EX-5.1 2 d244463dex51.htm EX-5.1 EX-5.1

Exhibit 5.1

 

  

LOGO

 

Norton Rose Fulbright US LLP

1301 McKinney, Suite 5100
Houston, Texas 77010-3095
United States

August 19, 2016    Tel +1 713 651 5151
Fax +1 713 651 5246
nortonrosefulbright.com

DXP Enterprises, Inc.

7272 Pinemont

Houston, Texas 77040

Ladies and Gentlemen:

We have acted as counsel to DXP Enterprises, Inc., a Texas corporation (the “Company”), in connection with the registration under the Securities Act of 1933, as amended (the “Securities Act”), of an aggregate of 500,000 shares (the “Shares”) of the Company’s common stock, par value $0.01 per share, that are reserved for issuance under the DXP Enterprises, Inc. 2016 Omnibus Incentive Plan (the “Plan”), as described in the Company’s Registration Statement on Form S-8 (as may subsequently be amended, the “Registration Statement”).

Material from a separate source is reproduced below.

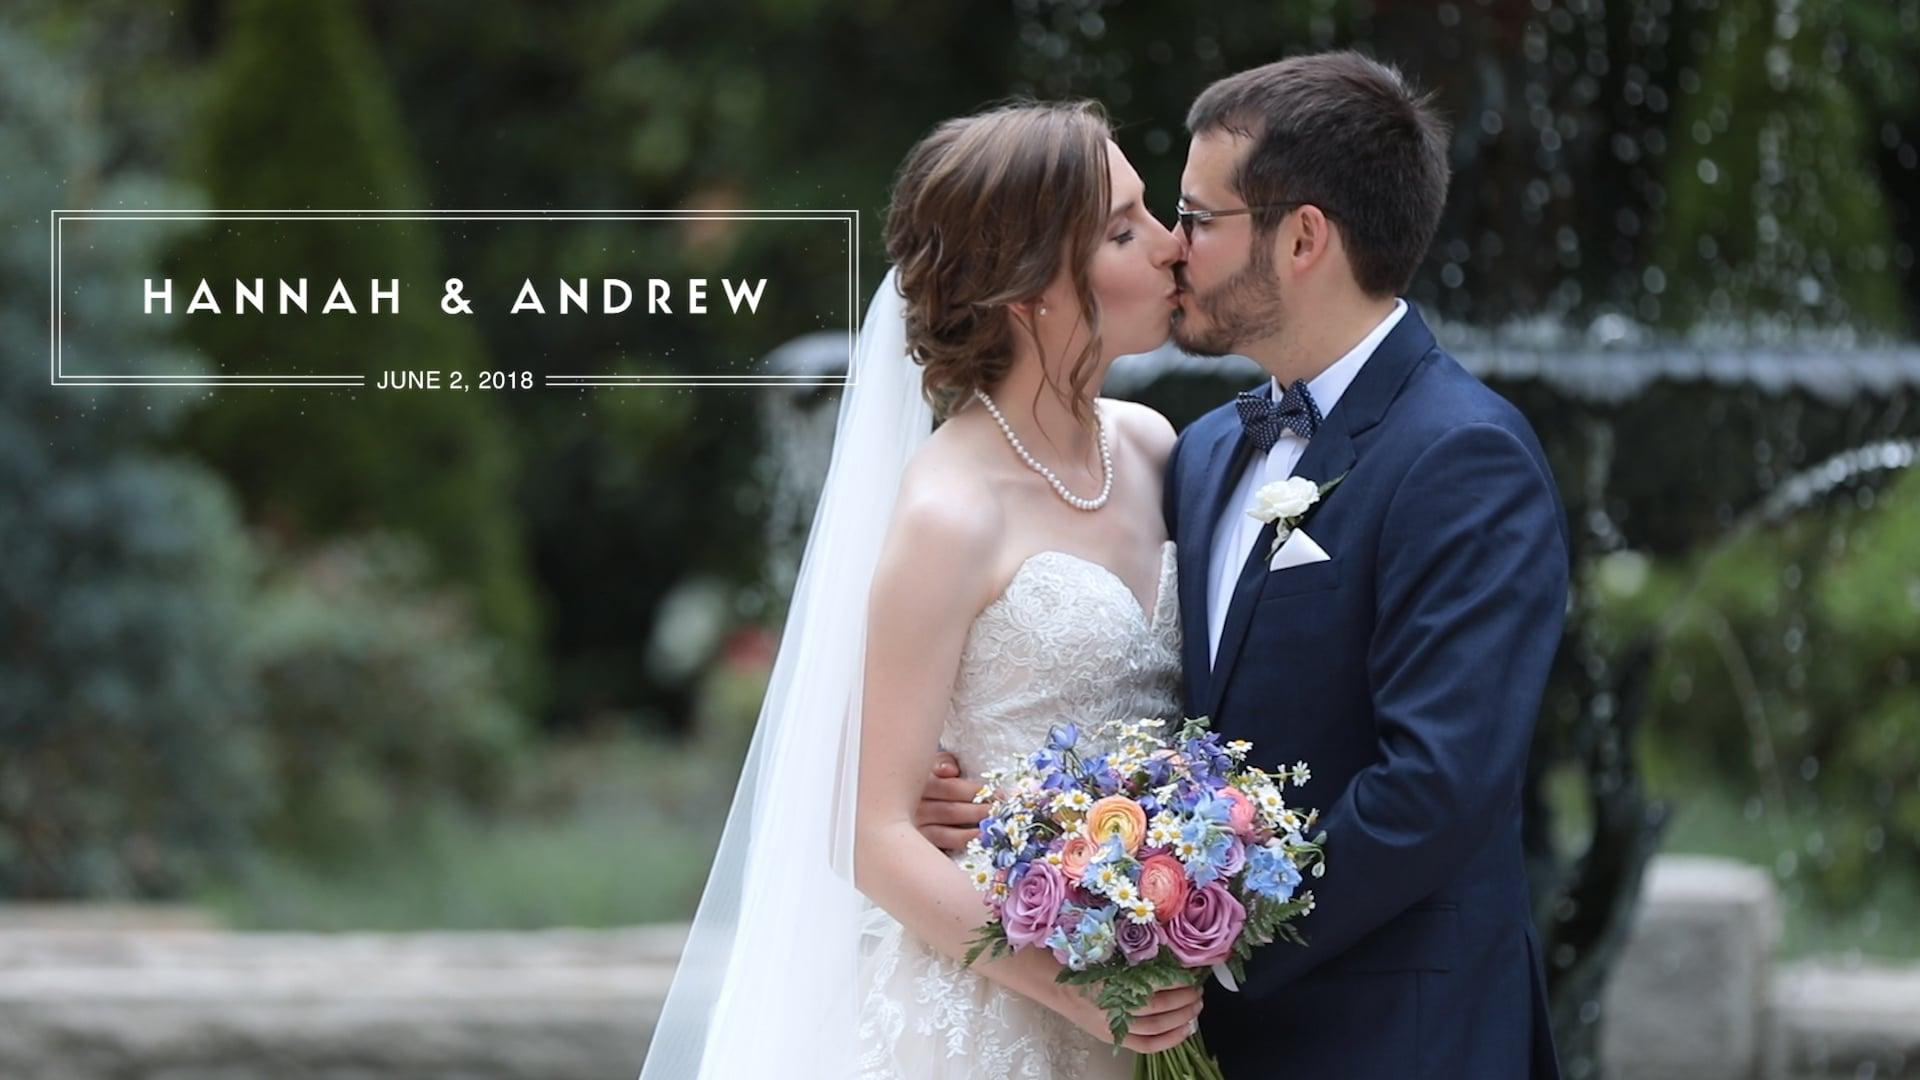 Hannah & Andrew's Wedding Film

In connection with the foregoing, we have examined the Plan and originals or copies of the corporate records of the Company, certificates and other communications of public officials, certificates of officers of the Company and such other documents as we have deemed relevant or necessary for the purpose of rendering the opinions expressed herein. As to questions of fact material to those opinions, we have, to the extent we deemed appropriate, relied on certificates of officers of the Company and on certificates and other communications of public officials. We have assumed the genuineness of all signatures on, and the authenticity of, all documents submitted to us as originals, the conformity to authentic original documents of all documents submitted to us as copies thereof, the due authorization, execution and delivery by the parties thereto other than the Company of all documents examined by us, and the legal capacity of each individual who signed any of those documents.

Based upon the foregoing, and having due regard for such legal considerations as we deem relevant, we are of the opinion that the Shares, when issued and sold in the manner referred to in the Plan and pursuant to the agreements that accompany the Plan will be validly issued, fully paid and nonassessable.

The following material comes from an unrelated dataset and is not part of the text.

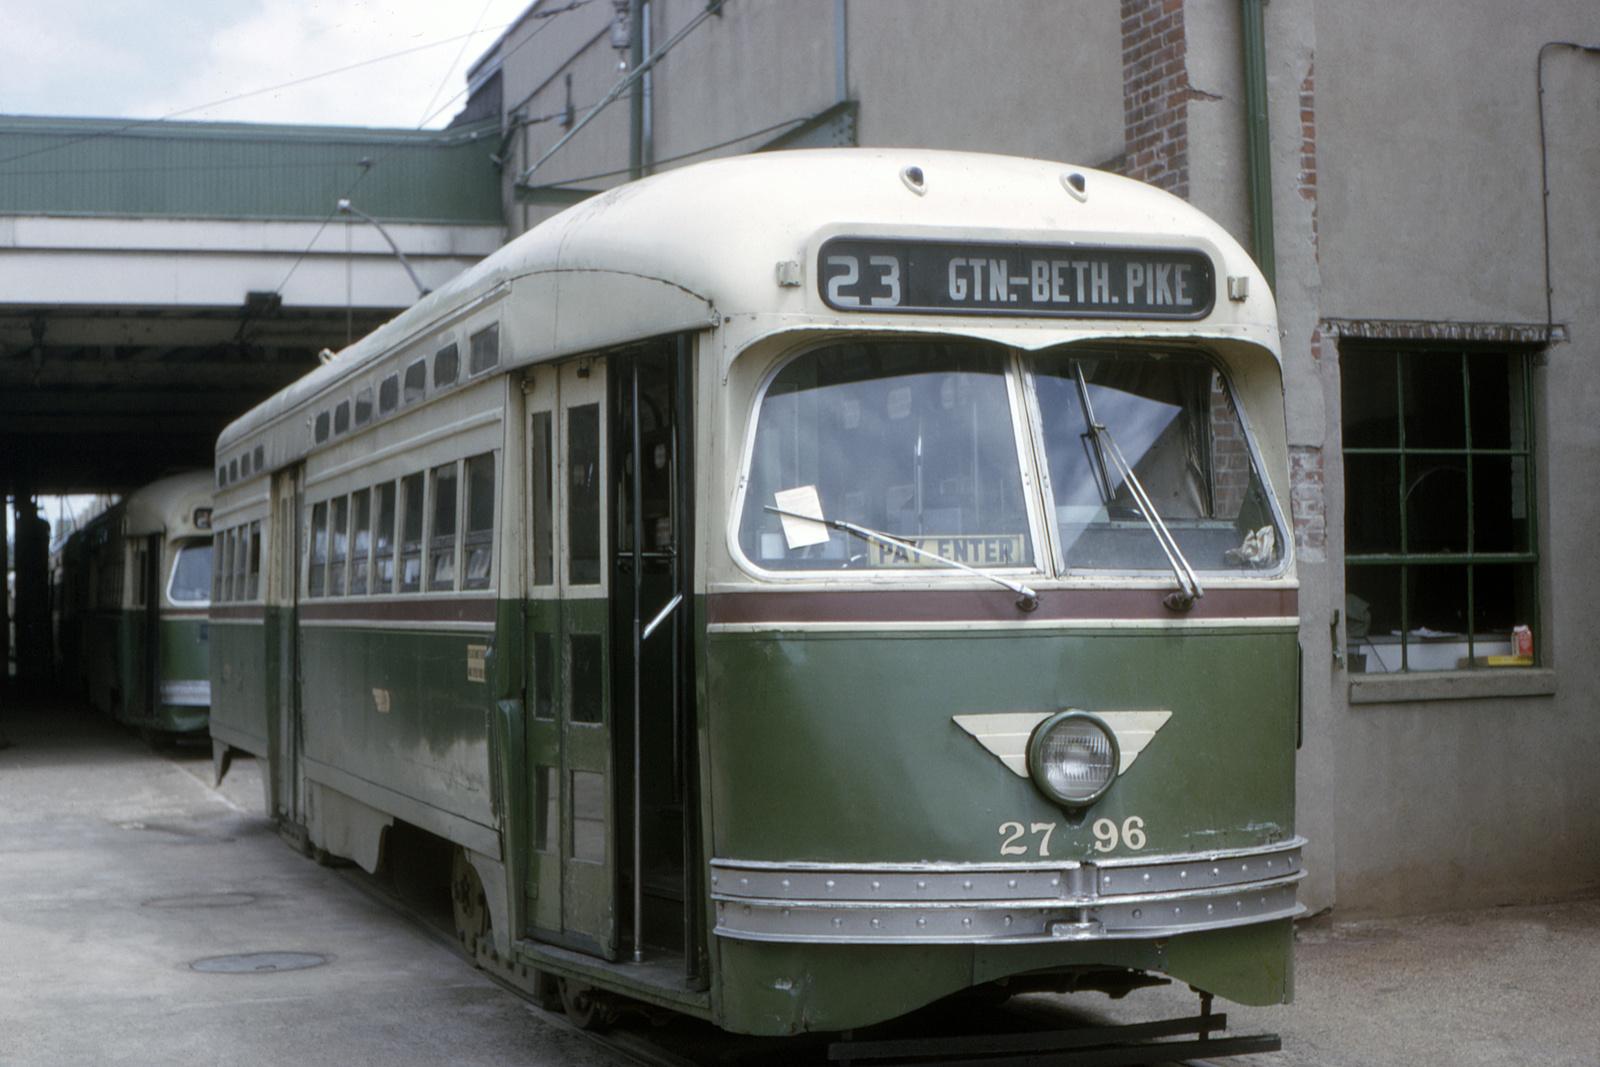 (575k, 1600x1067)<br><b>Country:</b> United States<br><b>City:</b> Philadelphia, PA<br><b>System:</b> SEPTA (or Predecessor)<br><b>Line:</b> Rt. 23-Germantown<br><b>Location:</b> Germantown Depot<br><b>Car:</b> PTC/SEPTA Postwar All-electric PCC (St.Louis, 1947) 2796 <br><b>Collection of:</b> David Pirmann<br><b>Date:</b> 5/1964<br><b>Viewed (this week/total):</b> 0 / 66

The opinions expressed herein are limited exclusively to applicable federal laws of the United States of America, and applicable provisions of, respectively, the Texas Constitution, the Texas Business Organizations Code and reported judicial interpretations of such law, in each case as currently in effect, and we are expressing no opinion as to the effect of the laws of any other jurisdiction.

 

Norton Rose Fulbright US LLP is a limited liability partnership registered under the laws of Texas.

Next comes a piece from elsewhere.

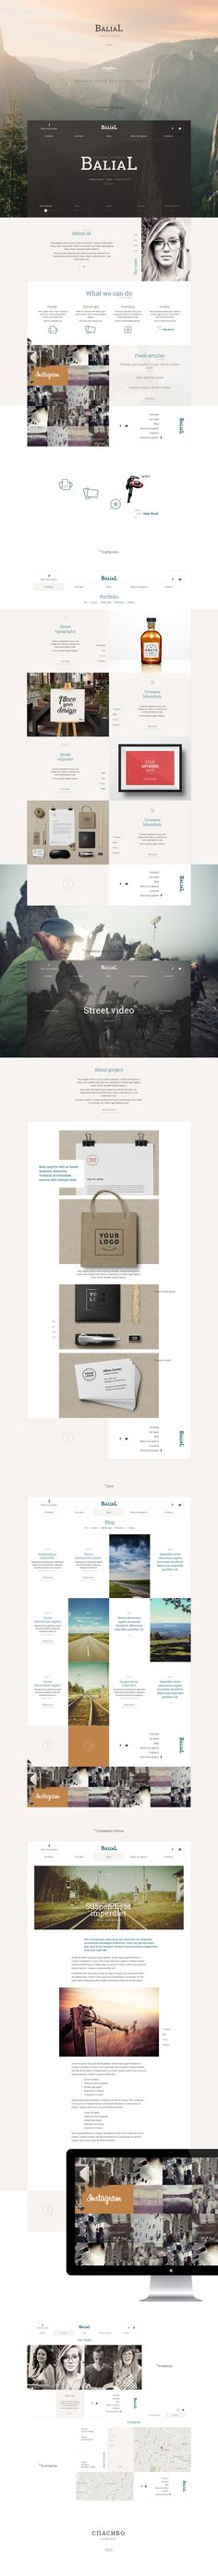 Балиал Сайт © Николай Скоробогатько #website #webdesign #studio #portfolio #blog #template

Norton Rose Fulbright US LLP, Norton Rose Fulbright LLP, Norton Rose Fulbright Australia, Norton Rose Fulbright Canada LLP, Norton Rose Fulbright South Africa (incorporated as Deneys Reitz, Inc.), each of which is a separate legal entity, are members of Norton Rose Fulbright Verein, a Swiss Verein. Details of each entity, with certain regulatory information, are at nortonrosefulbright.com. Norton Rose Fulbright Verein helps coordinate the activities of the members but does not itself provide legal services to clients.


DXP Enterprises, Inc.

August 19, 2016

Page 2

 

We hereby consent to the filing of this opinion as an exhibit to the Registration Statement and the reference to this firm wherever it appears in the Registration Statement. This consent is not to be construed as an admission that we are a party whose consent is required to be filed with the Registration Statement under the provisions of the Securities Act or the rules and regulations of the Securities and Exchange Commission promulgated thereunder.